If a function takes a callback and callback argument, assume the return value is not the final result unless the documentation explicitly says otherwise.
4. Which thread must run the next step?
SPDK avoids locks by moving work to the owner thread. That means you must trace messages:
spdk_thread_send_msg(thread, fn, ctx);
This does not call fn immediately unless you are using a helper that explicitly executes inline for the current thread. It enqueues a message to another spdk_thread. The callback runs when that target thread is polled.

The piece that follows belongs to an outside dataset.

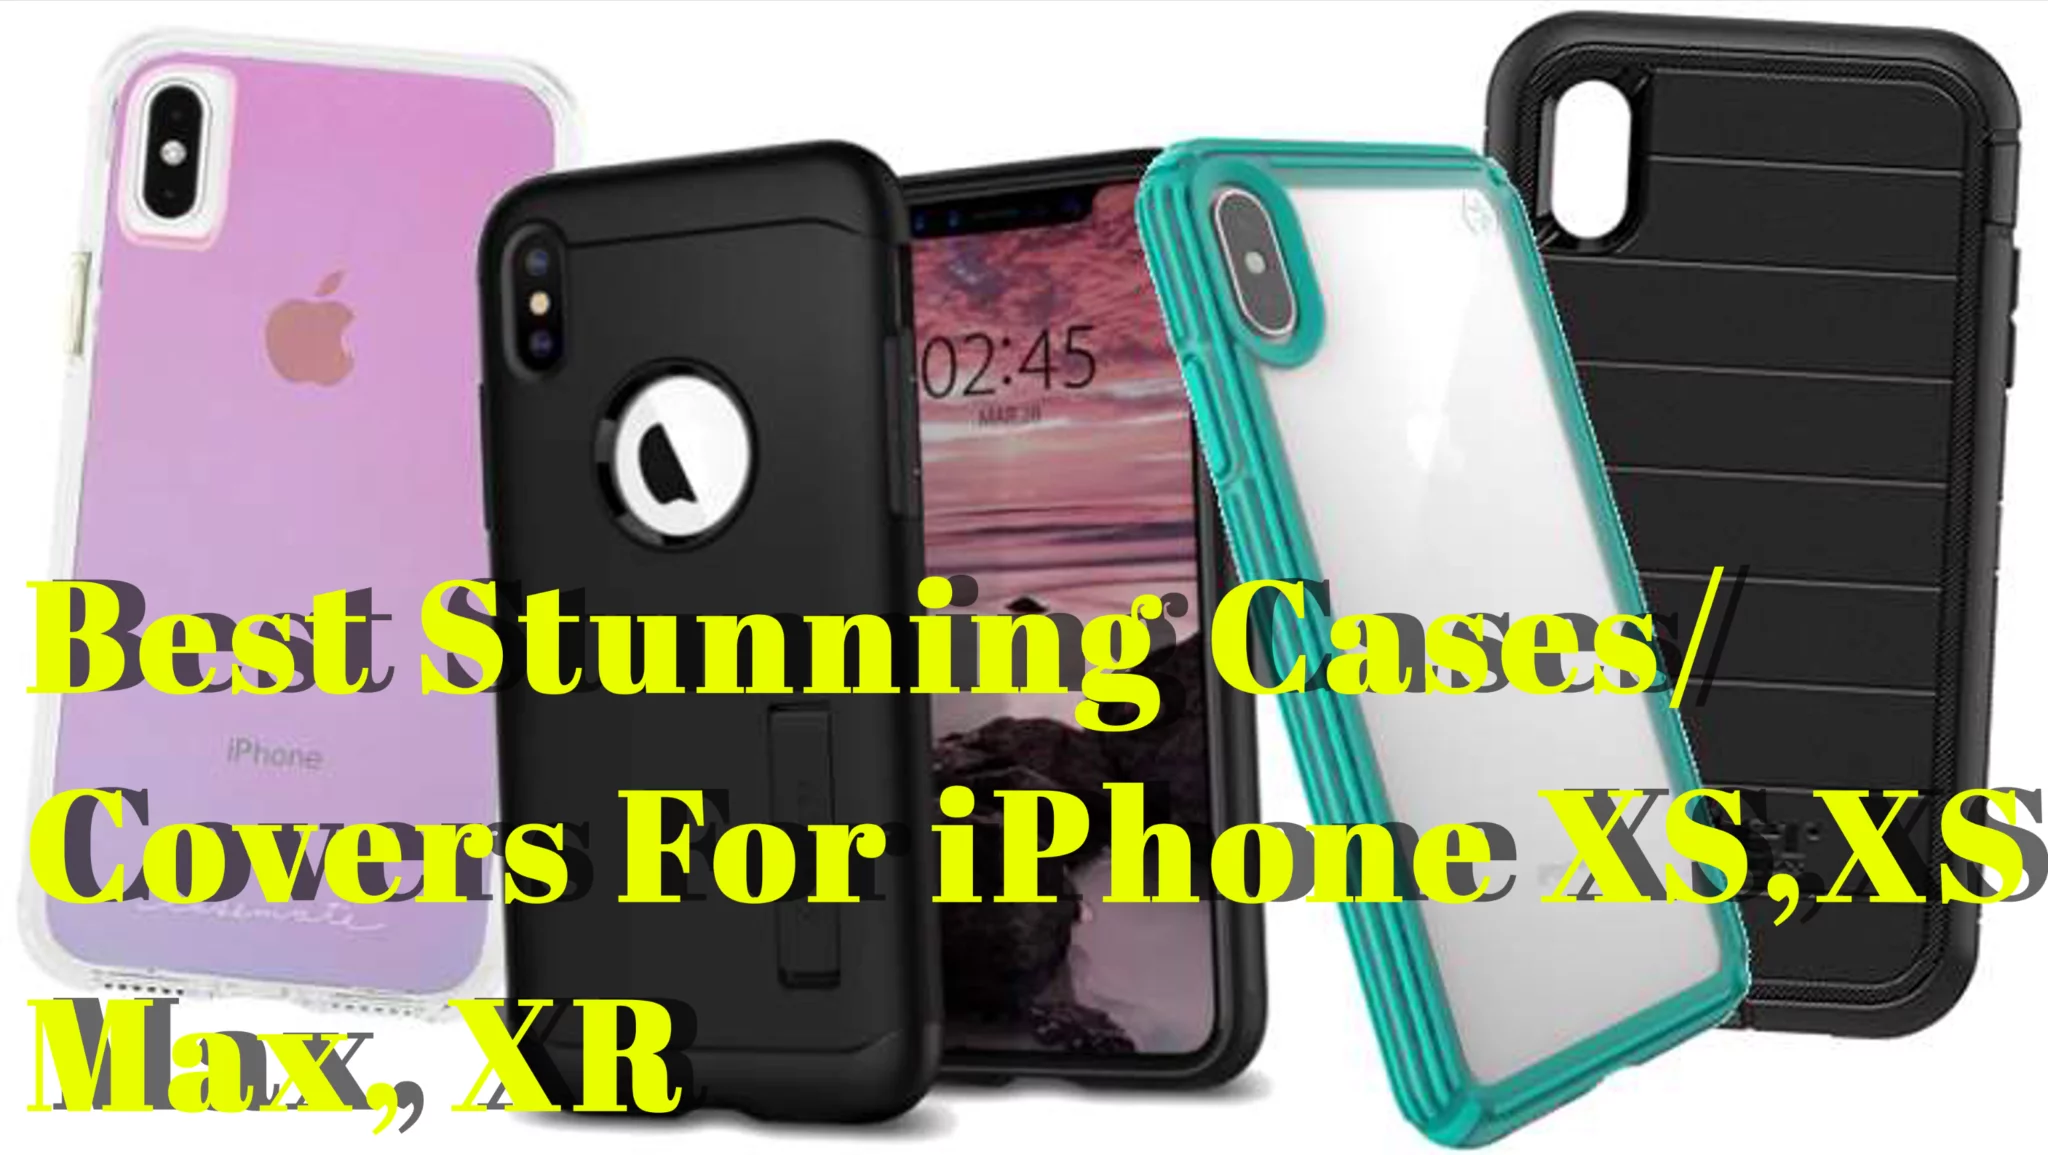 Best Stunning cases To Buy for Brand New iPhone XS XS Max XR

5. Who completes and who frees?
Every async path needs a terminal event. Find it.
For bdev IO, the terminal event is usually:
spdk_bdev_io_complete(bdev_io, status);
For JSON-RPC, it may be:
spdk_jsonrpc_send_result(request, w);
For subsystem init:
spdk_subsystem_init_next(rc);
For channel iteration:
spdk_for_each_channel_continue(i, status);
When debugging a hang, ask: which required completion was never called?

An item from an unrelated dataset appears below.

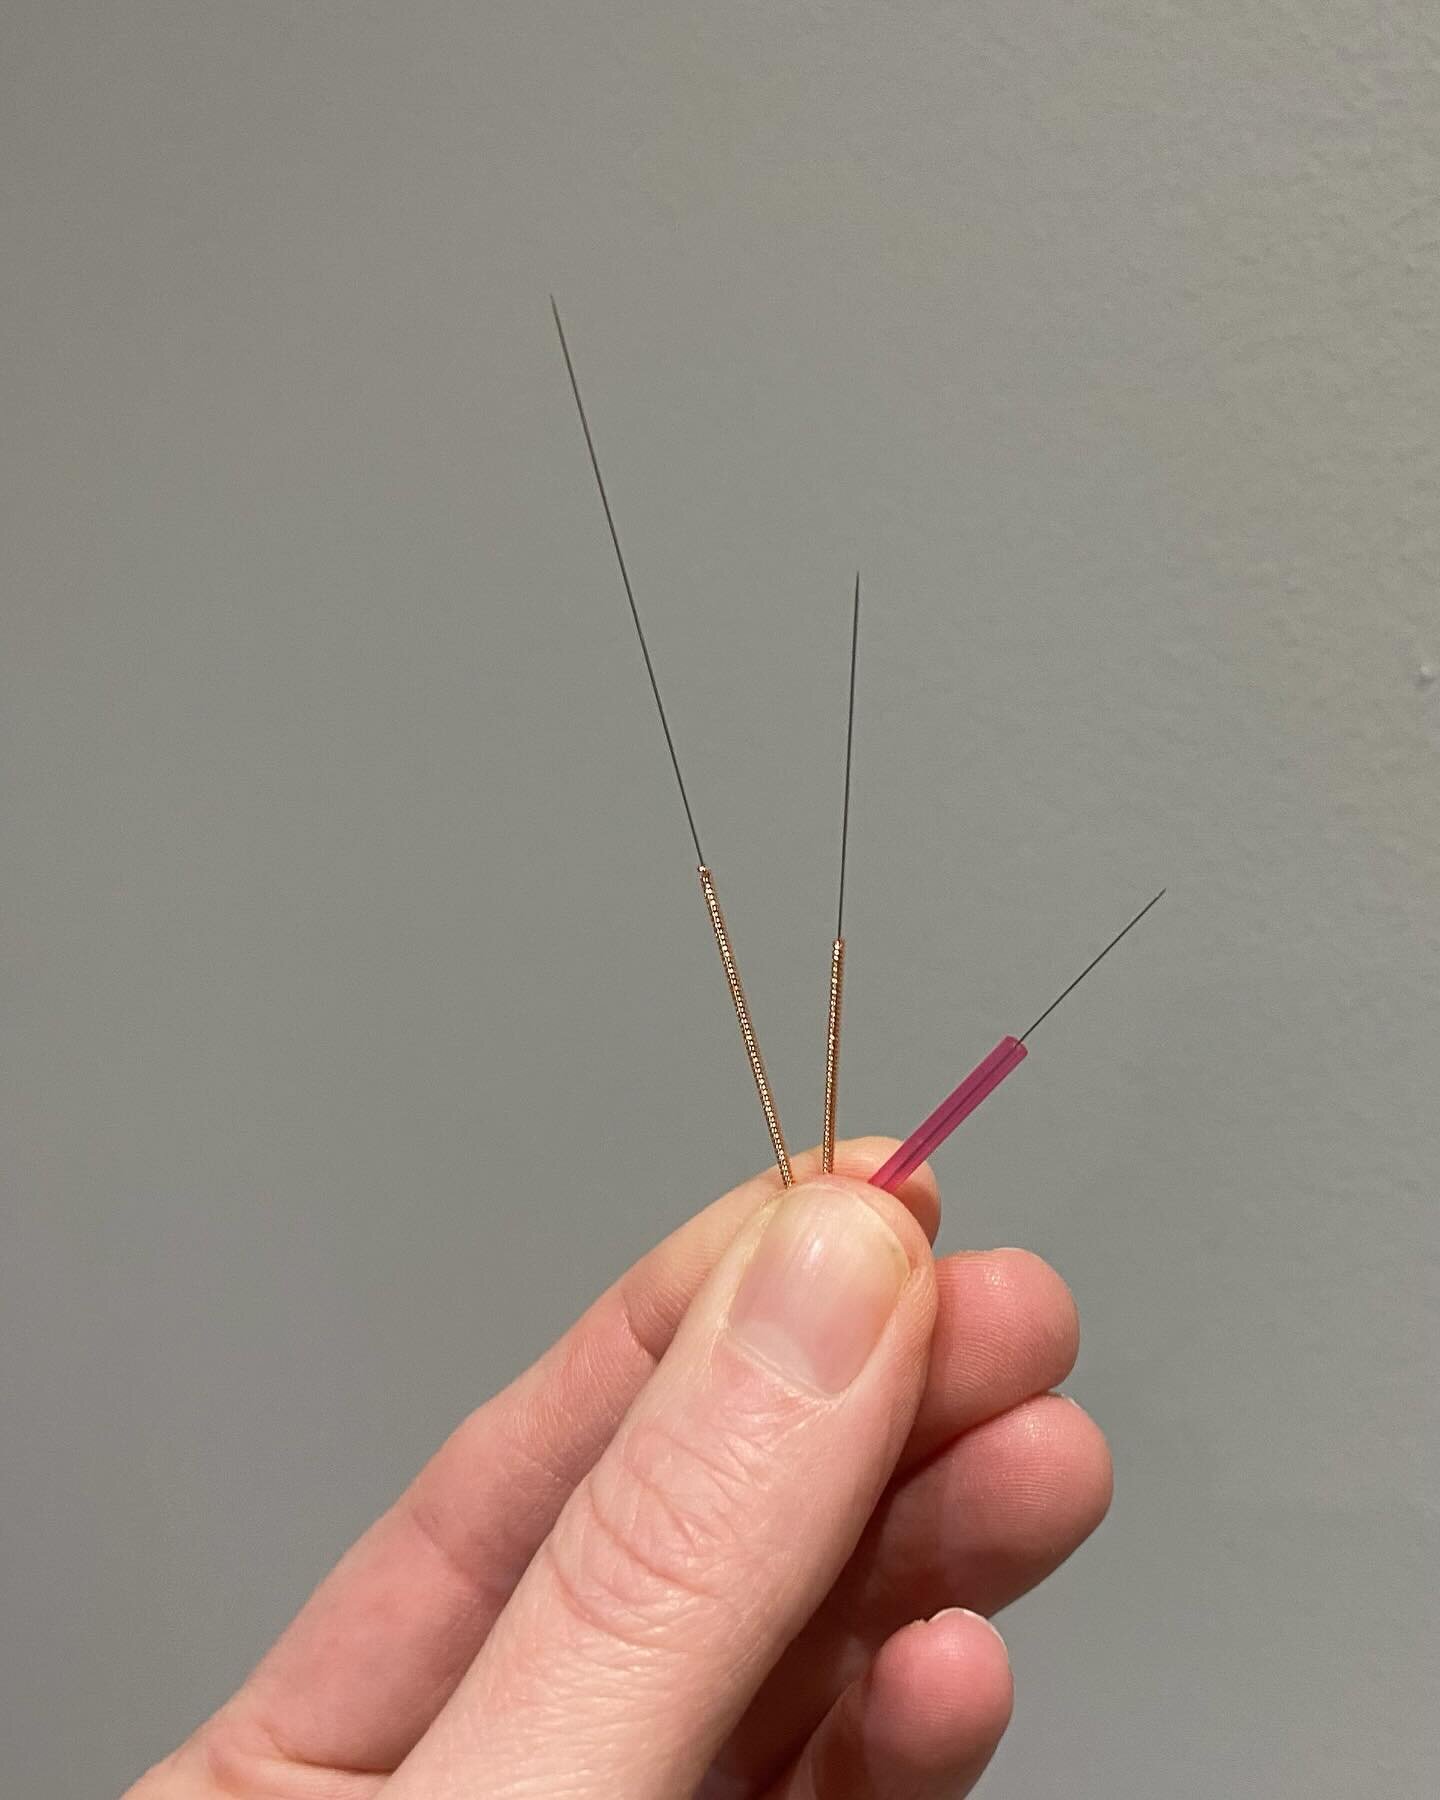 ☽ TINY NEEDLES☽

Let&rsquo;s talk about acupuncture needles&hellip;.

I often get asked &ldquo;How big are the needles?&rdquo;

Acupuncture needles are extremely fine, as fine as a hair! 
I use needles that are 0.20mm or 0.16mm wide&hellip;.so tiny!

Why edge cases matter more than happy path
Storage systems spend most of their complexity on edge cases:
- device disappears
- controller resets
- queue is full
- CQ has no free slots
- allocation returns
-ENOMEM - bdev is being removed
- descriptor is still open
- lvolstore metadata is not loaded yet
- duplicate name after restart
- reset is draining outstanding IO
- channel destruction is deferred
- config replay issues an RPC in the wrong phase
A happy-path-only tutorial is actively dangerous because it teaches the wrong shape. SPDK code is built around preserving invariants when these edge cases happen.
The source tour method
When you read a file, do this:
- Find the public entry points.
- Find the state structs.
- Find the registration macro.
- Find the callback types.
- Find the completion function.
- Find error cleanup labels.
- Find reset/remove/shutdown paths.
- Find tests.
For example, in a bdev module:
- public RPC handler in
*_rpc.c - module registration with
SPDK_BDEV_MODULE_REGISTER - bdev function table with
submit_request - channel create/destroy
- base bdev event callback if virtual
spdk_bdev_io_complete- destruct callback
Labs
Lab 1: classify a function
Open lib/thread/thread.c and find spdk_thread_poll. Answer:
- What object does it operate on?
- Does it block?
- What callbacks can it execute?
- What does its return value mean?
- What state does it temporarily set?
Lab 2: classify a diskengine RPC wrapper
Open /home/lolwierd/Projects/excloud/diskengine/diskengine/internal/spdkclient/wrappers.go. Pick BdevNvmeAttachController.
- What JSON-RPC method is sent?
- What does the Go wrapper consider success?
- Does success mean the resulting bdev is fully examined?
- Where in SPDK is that RPC handler registered?
Lab 3: find the terminal callback
Open module/bdev/null/bdev_null.c. Find the path for a read. Where does the module eventually call spdk_bdev_io_complete? What would happen if it forgot?
Self-check
- Why is a callback context object like a manual stack frame?
- Why is "who frees this" as important as "what does this do"?
- What is the difference between submission success and operation success?
- Why can a missing
spdk_for_each_channel_continuehang a system?